The expected answer is that the force exerted by two charges on one another is inversely proportional to the square of the distance between them. So as the magnitudes of the vectors, which are equal to the separation, increases the force decreases with the square of the distance; and/or if the magnitude decreases the force increases in the same proportinality. The two pieces of tape are not point charges, so this is not strictly so in this case, as some parts of the tape are closer than to the other tape than other parts.
STUDENT COMMENT: Still not sure how to answer this question. I dont know what sort of difference there is between the magnitude vector and the unit vector.
INSTRUCTOR RESPONSE: As noted in the preceding solution, AB_v stands for the vector whose initial point is A and whose terminal point is B, and AB_u stands for a vector of magnitude 1 whose direction is the same as that of AB_u.
To get a unit vector in the direction of a given vector, you divide that vector by its magnitude. So AB_u = AB_v / | AB_v |.
The purpose of a unit vector is to represent a direction. If you multiply a unit vector by a number, you get a vector in the same direction as the unit vector, whose magnitude is the number by which you multiplied it.

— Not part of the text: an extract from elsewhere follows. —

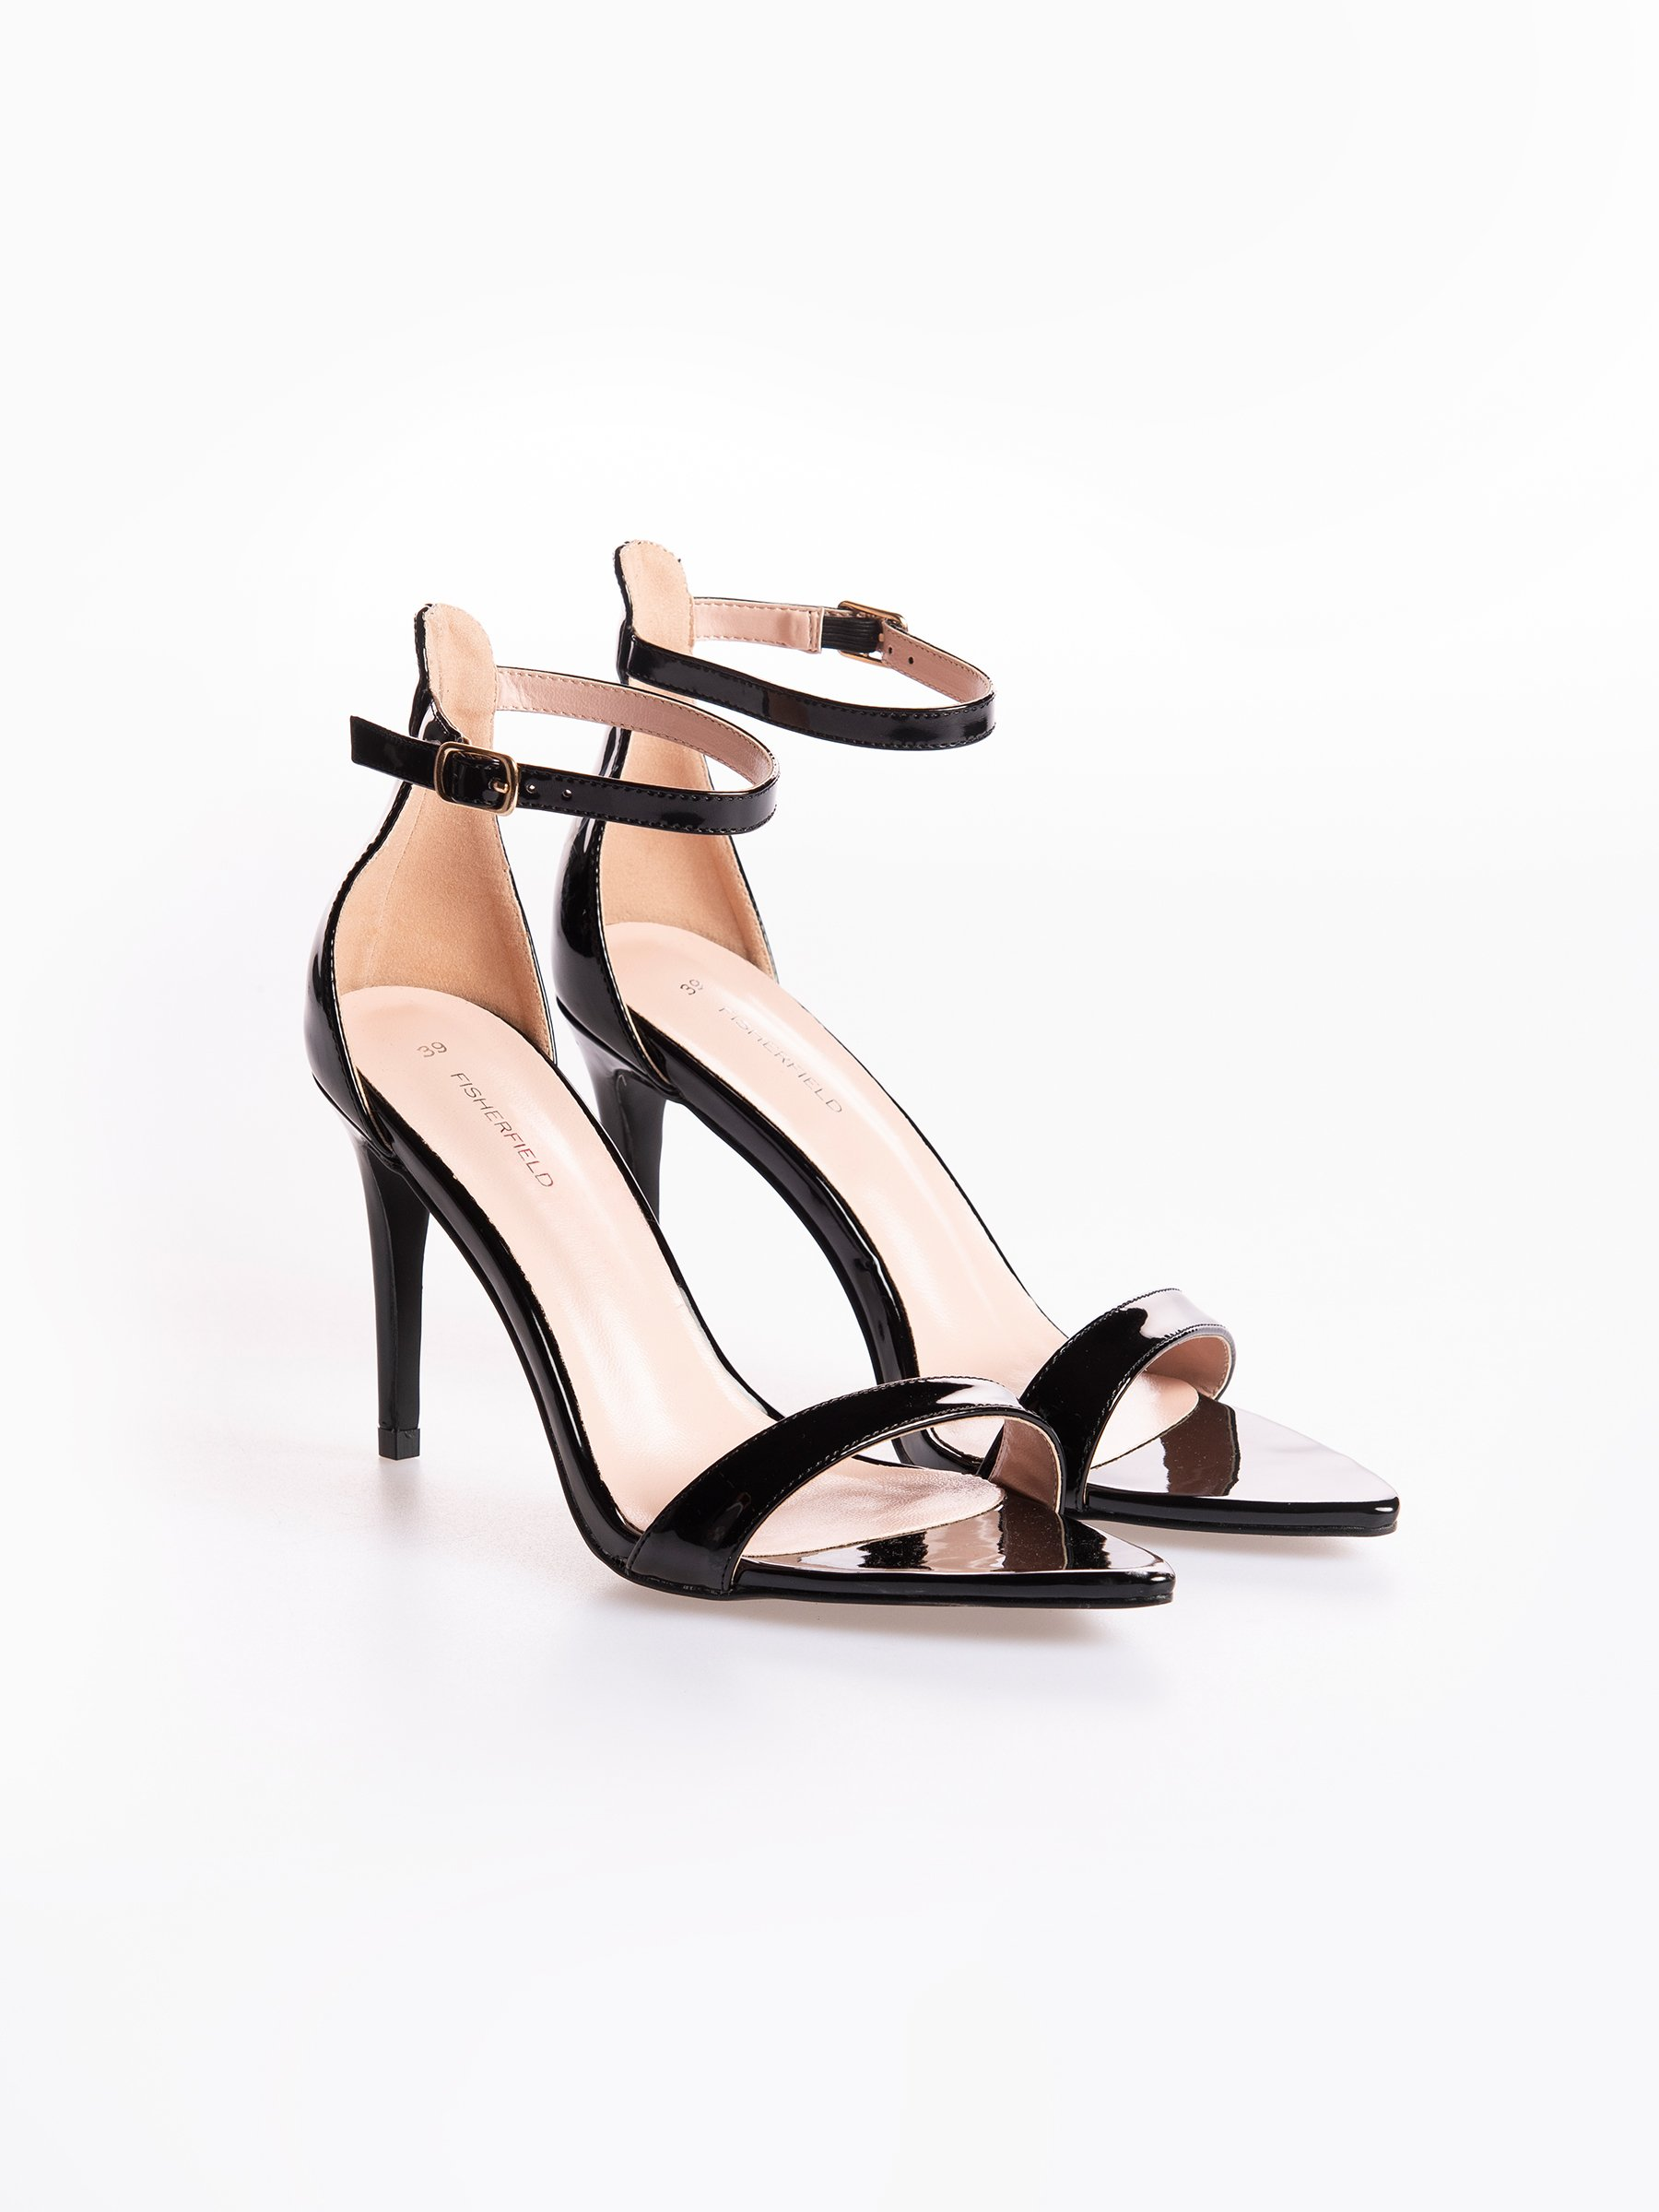 High heel sandals | GATE

The problem does not at this point ask you to actually calculate these vectors. However, as an example:
Suppose point A is (4, 5) and point B is (7, 3). Then AB_v is the vector whose initial point is A and whose terminal point is B, so that AB_v = <3, -2>, the vector with x component 3 and y component -2.
The magnitude of this vector is sqrt( 3^2 + (-2)^2 ) = sqrt(11).
Therefore AB_u = <3, -2> / sqrt(11) = (3 / sqrt(11), -2 / sqrt(11) ). That is, AB_u is the vector with x component 3 / sqrt(11) and y component -2 / sqrt(11). (Note that these components should be written with rationalized denominators as 3 sqrt(11) / 11 and -2 sqrt(11) / 11, so that AB_u = <3 sqrt(11) / 11, -2 sqrt(11) / 11 > ). The vector AB_u is a unit vector: it has magnitude 1.
The unit vector has the same direction as AB_v. If we want a vector of magnitude, say, 20 in the direction of this vector, we simply multiply the unit vector AB_u by 20 (we would obtain 20 * <3 sqrt(11) / 11, -2 sqrt(11) / 11 > = <60 sqrt(11) / 11, -40 sqrt(11) / 11 >).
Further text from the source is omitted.